Until I was 14, music at St Benedict School was taught in a very regimented way by a frankly awful teacher called Miss Chester, who extinguished a lot of budding musical talents by banning pupils from the music department for seemingly no reason at all. (I was one of those banned but always managed to sneak in when she was having her dinner.)
But when John Gill arrived, he was a revelation – he was into our kind of music, had a very can-do attitude, spotted talent early and put on incredible lunchtime concerts every month called Garage Shows.
At a Garage Show, the idea was that anyone could get up and perform; it didn’t matter how good you were or how rehearsed you were – just get up there, give it what you’ve got and receive a rapturous welcome from a few hundred of your peers.
For me, those shows were intoxicating. Mr Gill would bring on half a dozen acts over an hour, playing guitar alongside them and throwing in his own songs, which soon became cult classics around the school. I’d sit there brimming with nerves until he’d summon up the band and we’d get up and make a racket.
I recall playing the shows with immense clarity.

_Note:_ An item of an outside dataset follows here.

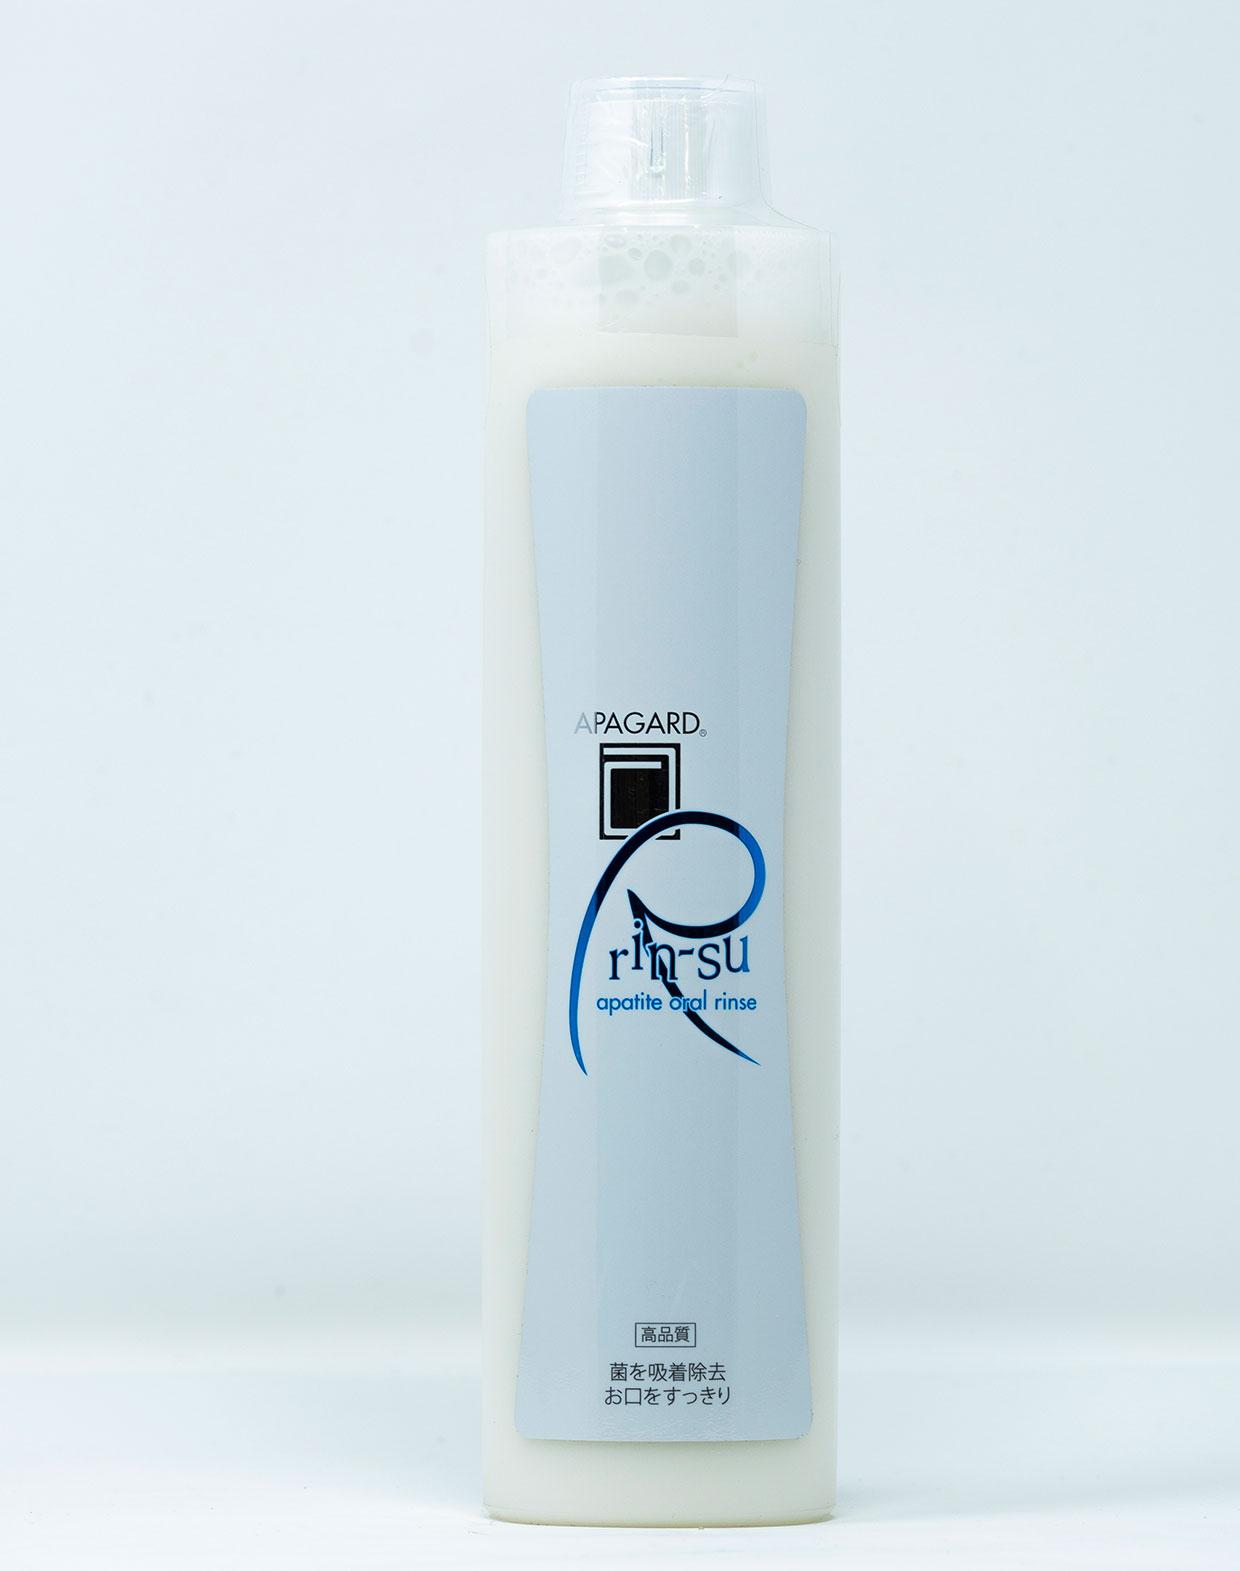 Apagard Collutorio Rin-Su - 380 ml

I remember the sterile school hall lights shining off my battered old drum kit, the power of my drums reverberating through the hall, 800 or so kids squeezed in (this being pre health and safety regulations), and many more looking through windows. Looking out into the audience and seeing people – friends, enemies, girls, teachers – visibly impressed.
The shows gave me masses of confidence as a musician, and got me girls. At the age of 14, there was simply nothing better!
I was a fairly impressionable teenager, and John Gill said two things to me that he probably wouldn’t even remember now, but they’ve stuck with me.
At one early Garage Show, he watched me play my knackered old 70s kit with ancient battered skins and cheap cymbals that sounded like saucepans. He came up to me afterwards and said that I got more musicality out of my drums than the other school drummer who had an enormous eight-piece sparkly Premier Signia kit with Paiste Signature cymbals, costing about £5k, all in all.
This delighted me no end as I was already having slightly Freudian issues with the size of my kit compared to the other guy’s, but it also installed a belief in me that you don’t need the latest equipment and modern gadgets if you have an intuitive feel for the music.
The second instance was just before I left school was when he took me aside and told me that if I pulled my finger out I could easily be a professional musician.
“It’s up to you. It’s either that, or get a proper job.”
Last month, John Gill retired and put on one final Garage Show. It’s a testimony to his influence on people’s lives that former pupils travelled from hundred of miles around just to play a song. My band was one of them as I managed to get my old mates who now live in Cardiff and Bristol to pop up to Derby for the evening.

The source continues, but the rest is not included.